The Pythia-based generator, \emph{bggen}, was used to generate inclusive $\gamma{p}$ photoproduction at $E_\gamma = 9$~GeV.
The signal events ($\gamma p \to \pi^+\pi^-\pi^+n$) were generated at a level of about 2.5\% of
the total hadronic cross section.
After optimizing all analysis criteria a signal selection efficiency of 25\% and a signal-to-background
ratio of 2:1 were achieved. About 20\% of the total background originated from kaons misidentified as pions.
The other backgrounds included protons being misidentified as pions or extra $\pi^0$'s in the event
that went undetected. This study, conducted in 2011, motivated a more detailed simulation of particle identification
systems and tracking resolution along with enhancements in tracking efficiency. This work is still
under development, and we expect that these enhanced algorithms along with improvements in
analysis technique, such as kinematic fitting, will provide at least an order of magnitude further background
suppression. Reducing the background to the percent level is essential for enhancing sensitivity in the amplitude analysis.
The sensitivity to small amplitudes that is provided by the GlueX detector acceptance and resolution was tested
by performing an amplitude analysis on a sample of purely generated $\gamma p\to \pi^+\pi^-\pi^+ n$ events
that has been subjected to full detector simulation and reconstruction as discussed above. Several conventional resonances,
the $a_1$, $\pi_2$, and $a_2$, were generated along with a small ($<2\%$) component of exotic $\pi_1$.
The result of the fit is shown in Figure~\ref{fig:amp_analysis}. In such a fit, the data are divided into bins of $3\pi$
invariant mass. Each bin is fit independently, and the fit parameters are production amplitudes and phases of the
different resonances that ultimately populate the $3\pi$ final state. In this mock data sample, all of the $3\pi$ resonances
are modeled by a simple Breit-Wigner, and one can see that the both the Breit-Wigner lineshape and phase can be
extracted from the small exotic wave decaying into $3\pi$ as well as the other, dominant resonances.

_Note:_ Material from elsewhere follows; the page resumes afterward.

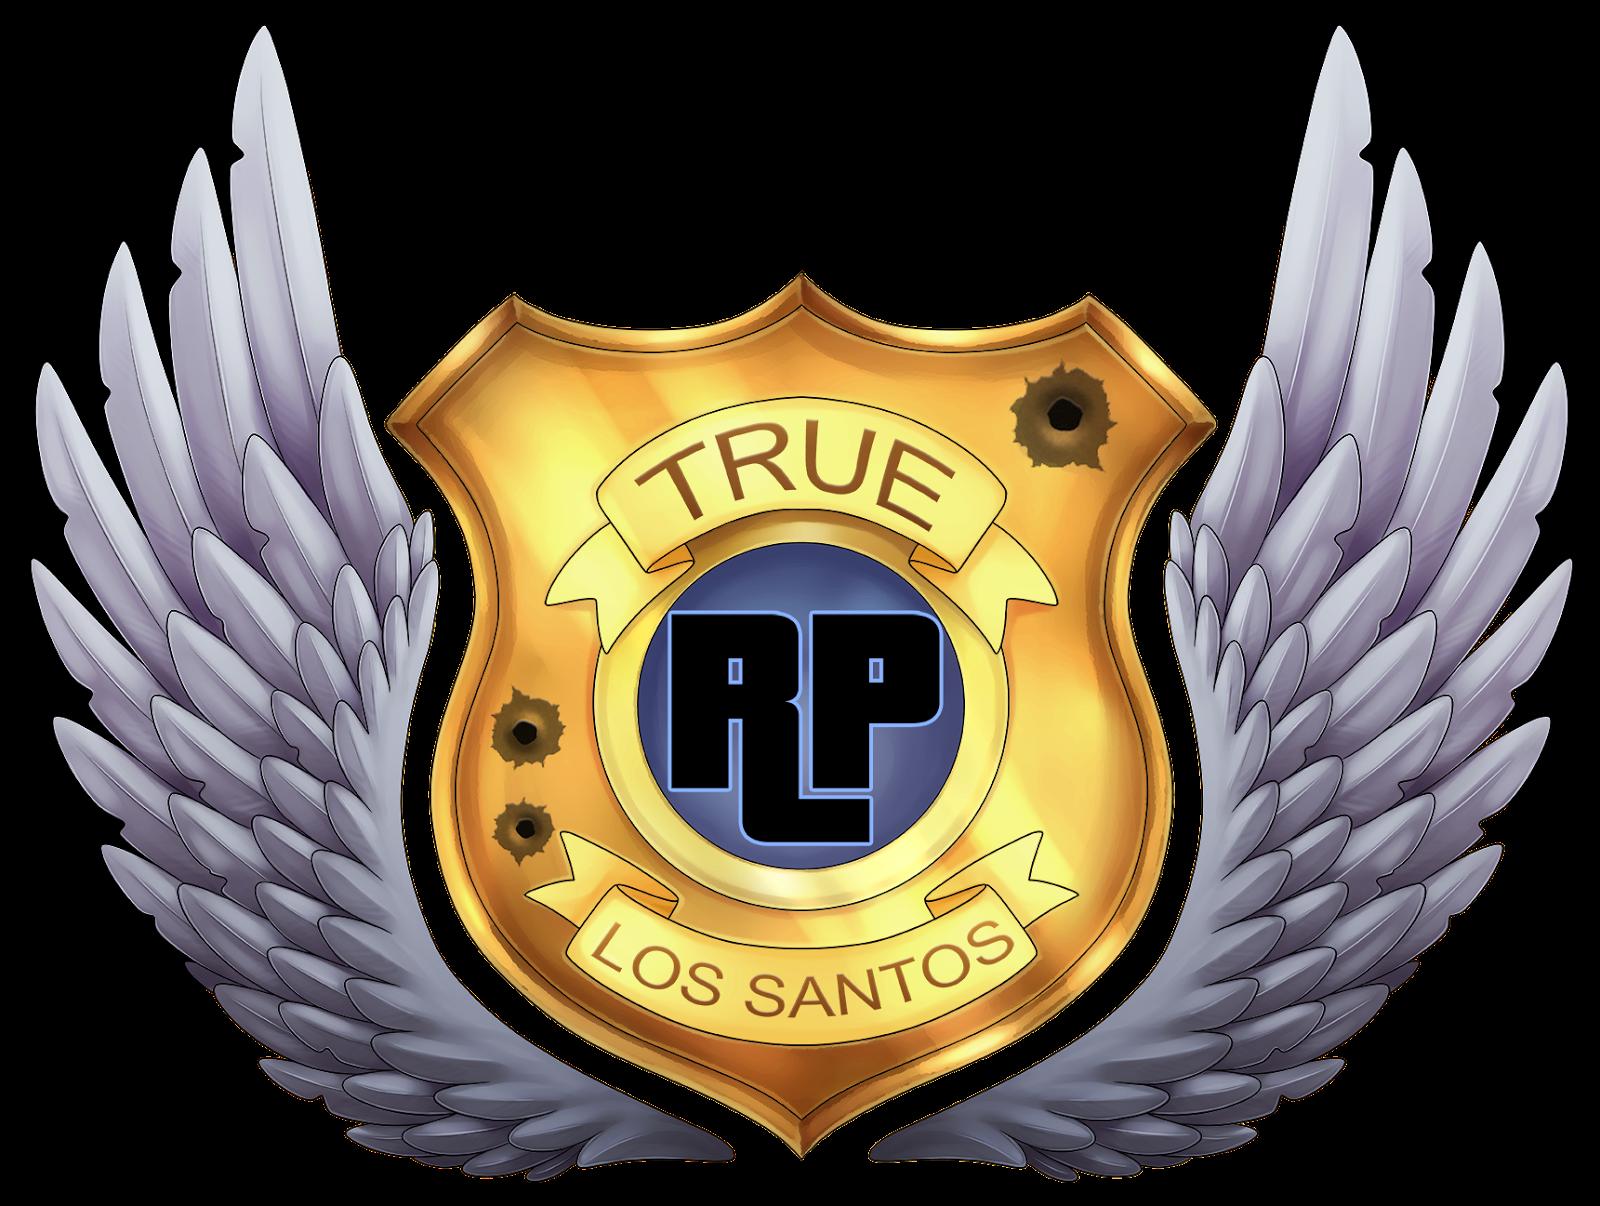 True Los Santos RP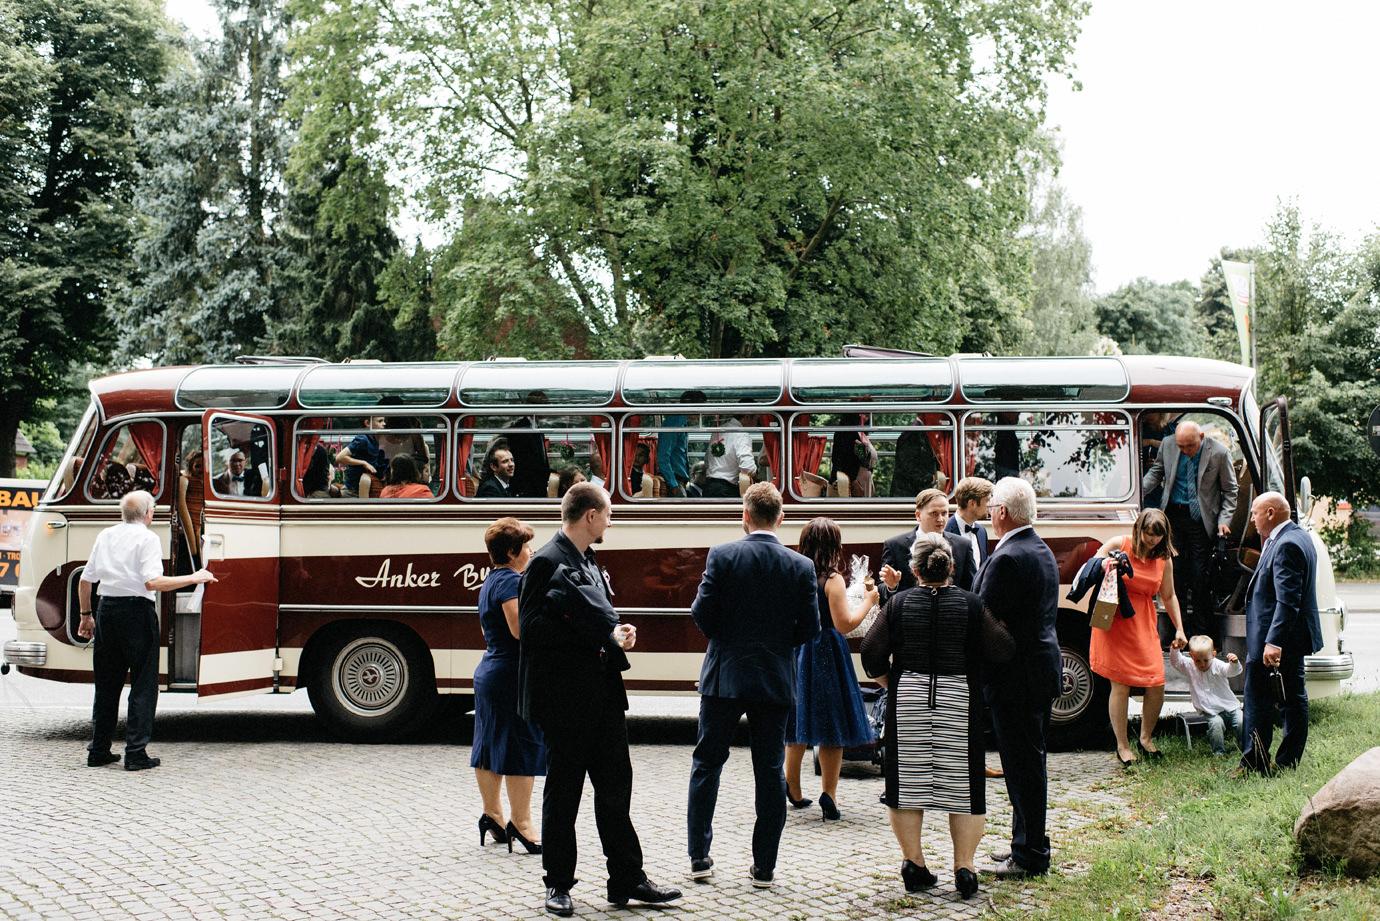 hochzeit bus hamburg

This study indicates that with a pure sample of
reconstructed decays, the GlueX detector provides excellent sensitivity to rare exotic decays.
The analysis sensitivity will ultimately be limited by the ability to suppress and
parametrize backgrounds in the amplitude analysis that arise from improperly reconstructed events, as noted above.
The analysis of $\gamma p \to \pi^+\pi^-\pi^+ n$ represents the first full end-to-end analysis of simulated GlueX data.
While the statistics are only a fraction of what we expect to collect with the final experiment, the exercise has motivated
continued refinement of the reconstruction algorithms. Similar studies with other physics channels are also underway
by members of the collaboration, and the preliminary results demonstrate a notable improvement in efficiency and
background rejection over that presented above. We expect this process to continue over the next three years,
leading up to the first GlueX data. As the final production computing resources become available we plan to
increase the scale of our mock analyses in order to ensure that we have an analysis framework that is capable of
meeting the demands of the experiment.
\begin{figure}
\begin{center}
\includegraphics[width=0.9\linewidth]{figs/amp_analysis_fig}
\caption{\label{fig:amp_analysis}A sample amplitude analysis result for the $\gamma p \to \pi^+\pi^-\pi^+ n$ channel with
GlueX. (top) The invariant mass spectrum as a function of $M(\pi^+\pi^-\pi^+)$ is shown by the solid histogram. The results
of the amplitude decomposition into resonant components in each bin is shown with points and error bars. (bottom) The
exotic amplitude, generated at a relative strength of 1.6\%, is cleanly extracted (red points). The black points show the
phase between the $\pi_1$ and $a_1$ amplitudes.}
\end{center}
\end{figure}